В сухом подвижном лице матери были и робость перед новым для нее делом, и решимость. «Согласилась», — понял Филипп и хотел идти к Василию Ивановичу: что он делает! Мать еле пишет и считает, а тут... Но вышел Лалетин. В азиатских глазах хитреца: по лицу понял, о чем подумал Филипп. Толкнув его в плечо, весело сказал:
— Растет у тебя мать. Пойду я туда, надо посмотреть, да на престол утвердить.

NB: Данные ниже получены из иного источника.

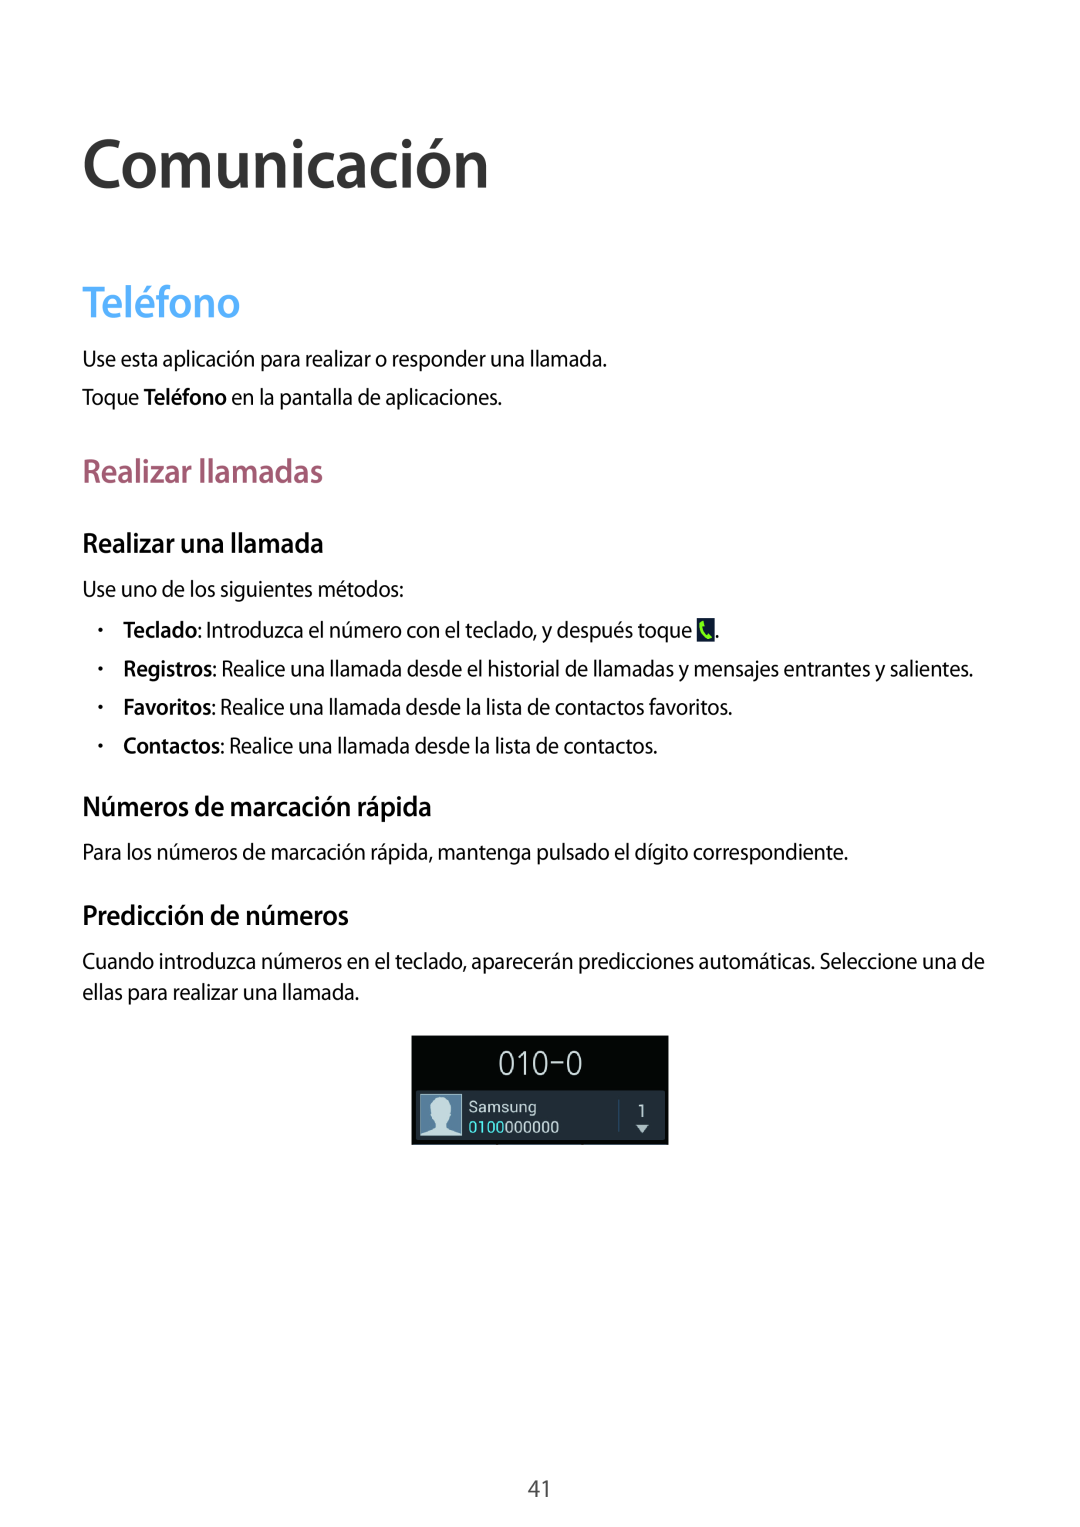 Samsung GT-I9105UANDBT manual Comunicación, Teléfono, Realizar llamadas, Realizar una llamada, Números de marcación rápida 
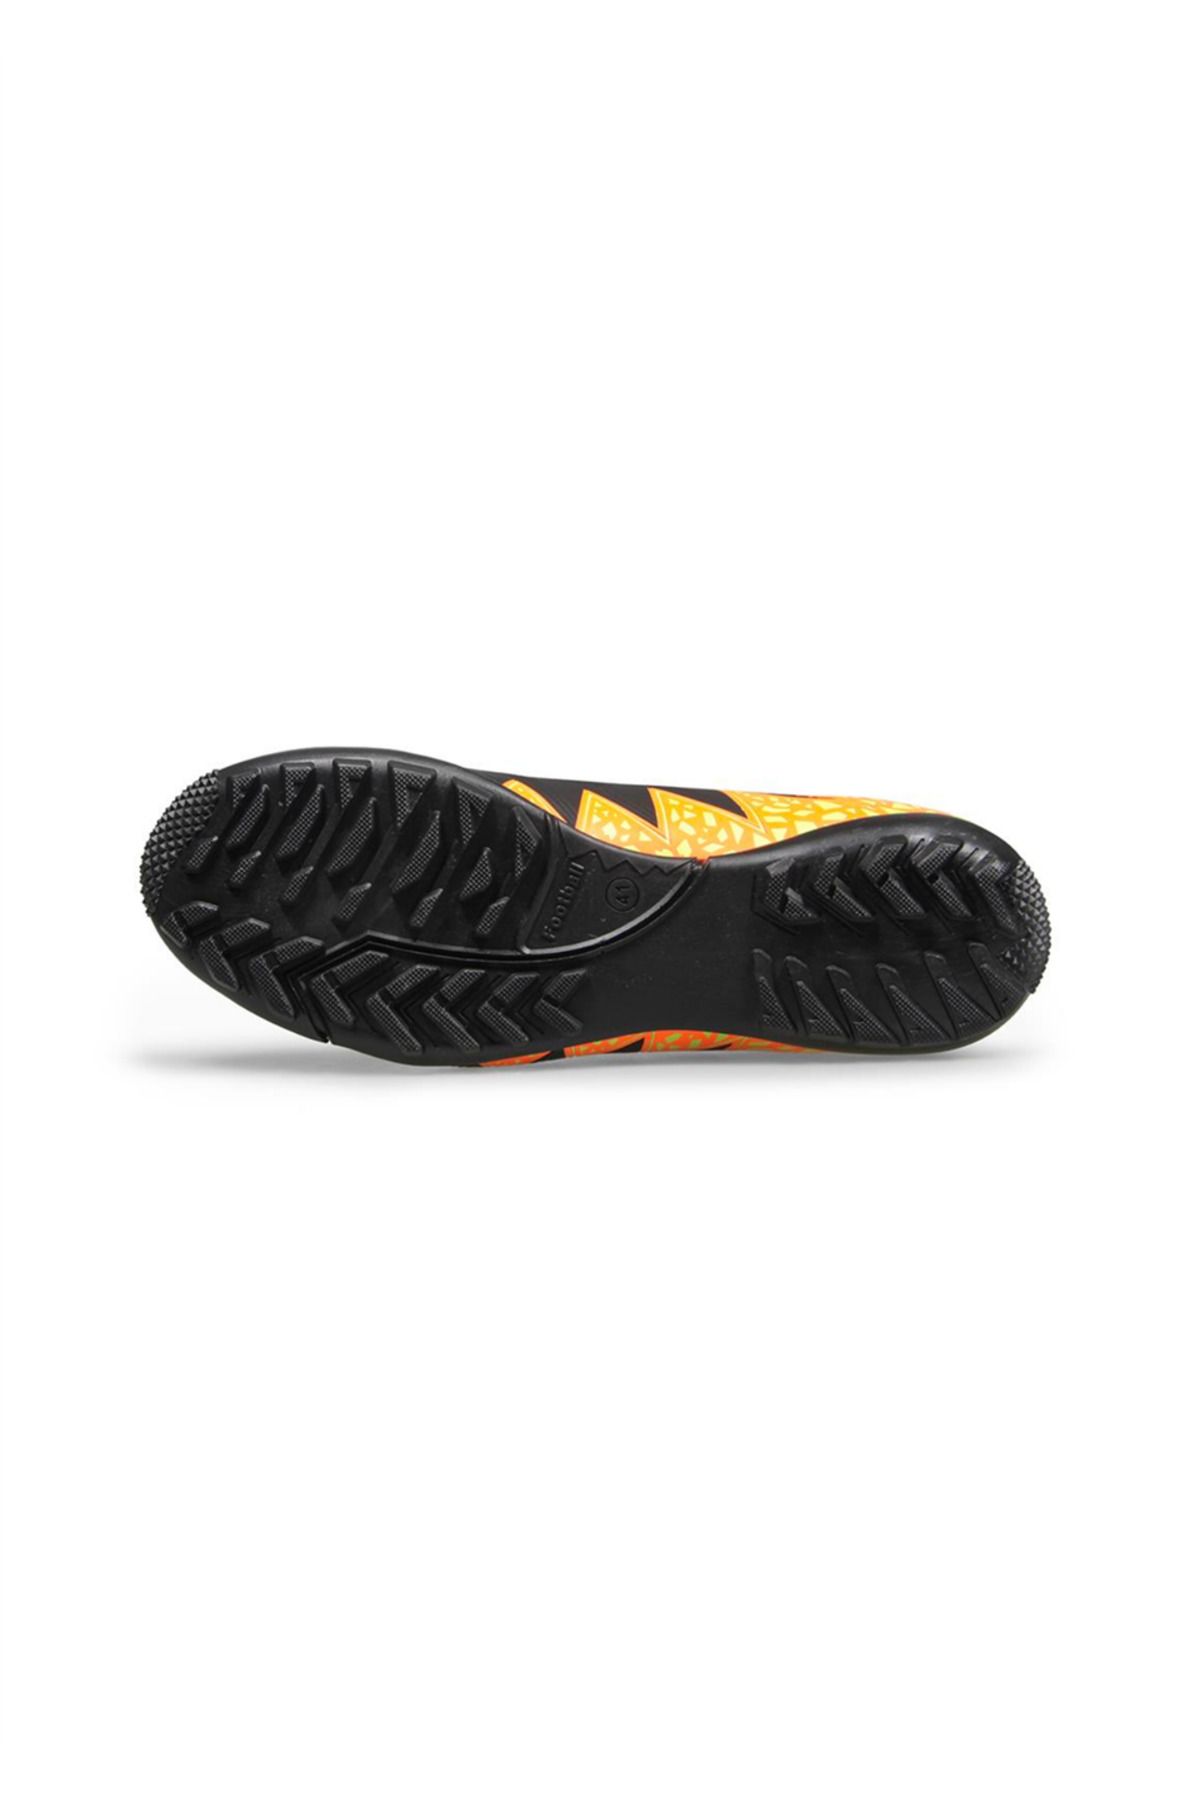 MP 231-1142 gr (36-39) Siyah-turuncu Çoraplı Halı Saha Futbol Ayakkabı
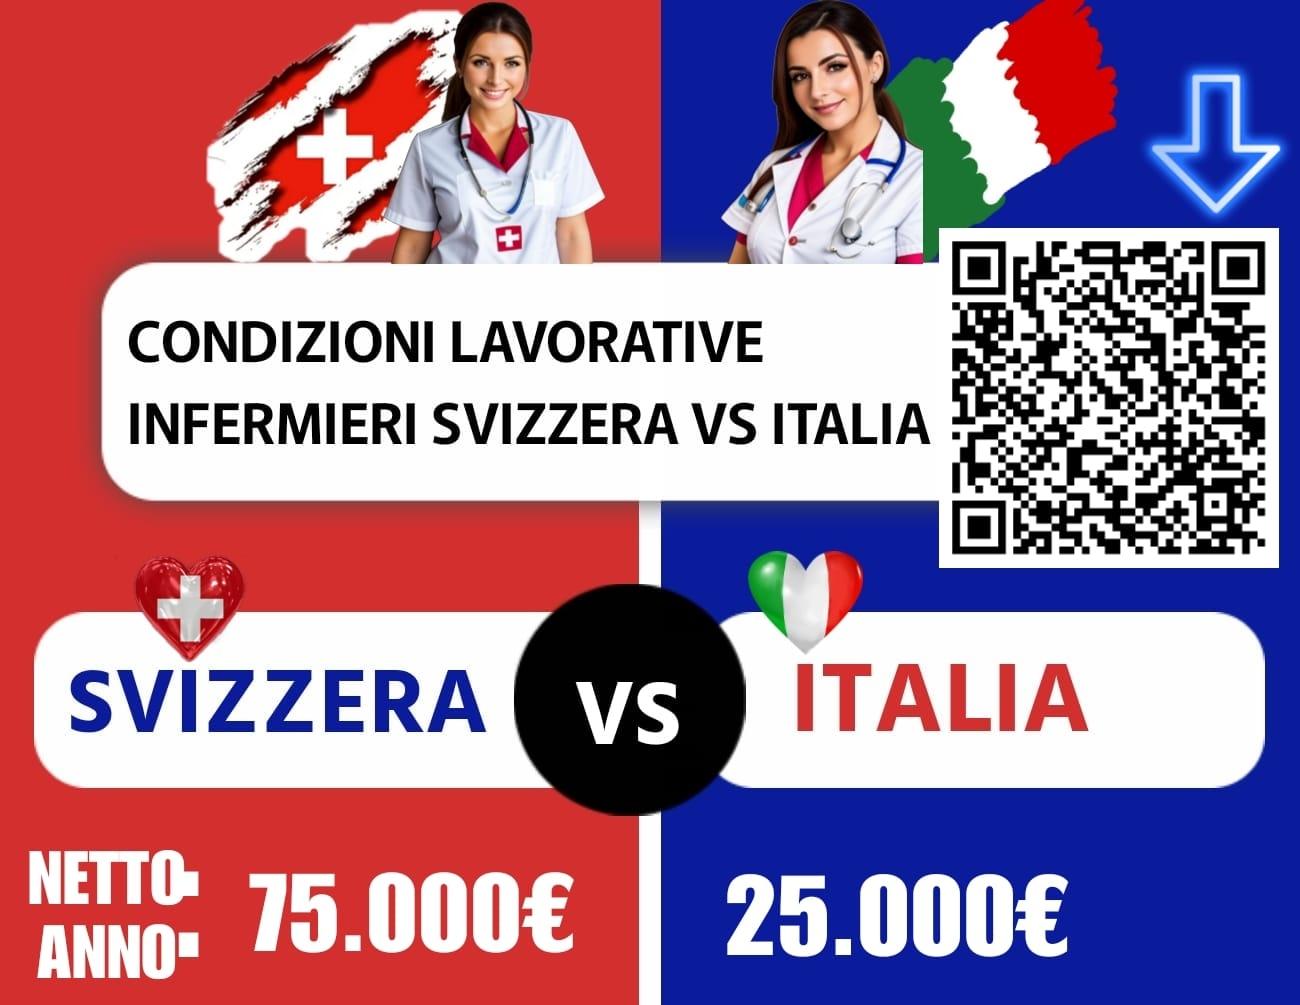 Infermiere Svizzera VS Italia. Le differenze contano
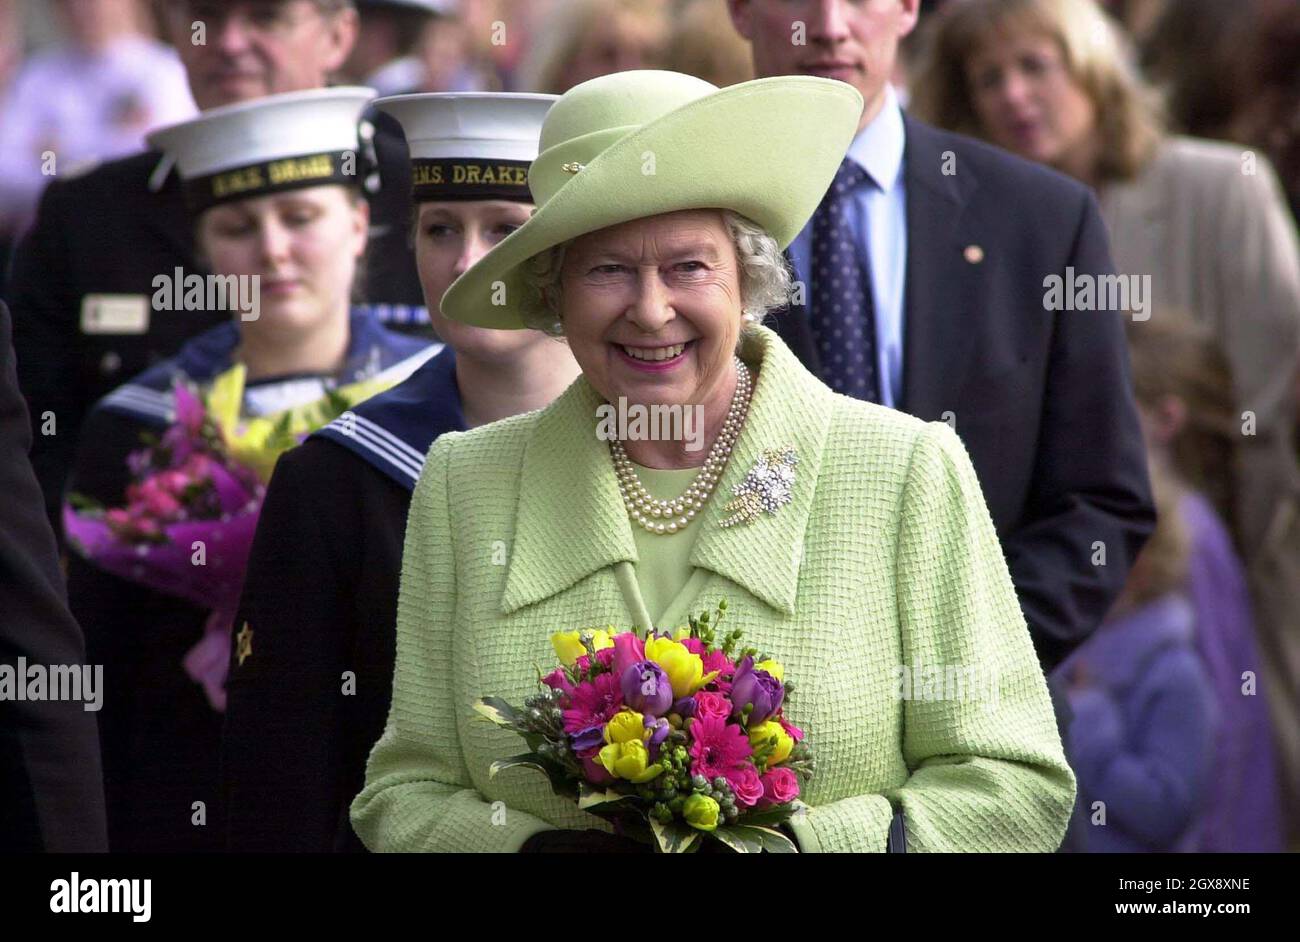 La reine Elizabeth II de Grande-Bretagne est accueillie lors de sa visite à la base navale de Devonport, Plymouth, le lundi 24 mars 2003.La Reine a rencontré des familles de ceux qui servaient dans le golfe, où elle a bavardé avec des dizaines de femmes, d'enfants, de mères et de pères.Le duc d'Édimbourg, qui est arrivé séparément, a également passé du temps à parler aux familles.Demi-longueur, chapeau, royals, souriant, fleurs - Anwar Hussein/allaction.co.uk Banque D'Images

А мать шагнула к Филиппу, одернула воротник рубахи:
— Смотри-ко, ходишь-то как, пуговицы нет и на рукавах бахромка, а к матери не зайдешь, мучитель. — Потом обласкала взглядом. — Жду ведь кажной вечер.
Нет, она была прежней. А от привычного слова «мучитель» ему стало хорошо.
— Я приду, мам, сегодня приду, — пообещал он. Понял, что матери и так несладко, подбодрил: — А ты не робей. Надо ведь.
Видно, долго говорил с ней Лалетин, коли не побоялась она пупыревских сплетен и решилась стать экономкой в приюте.
Господину Жогину справлять эту работу в леготу было. Лавочники — свой брат. Да и в купецком сословии закрепа: сват самого Карпухина. А матери будет хлопотно. Тяжело будет.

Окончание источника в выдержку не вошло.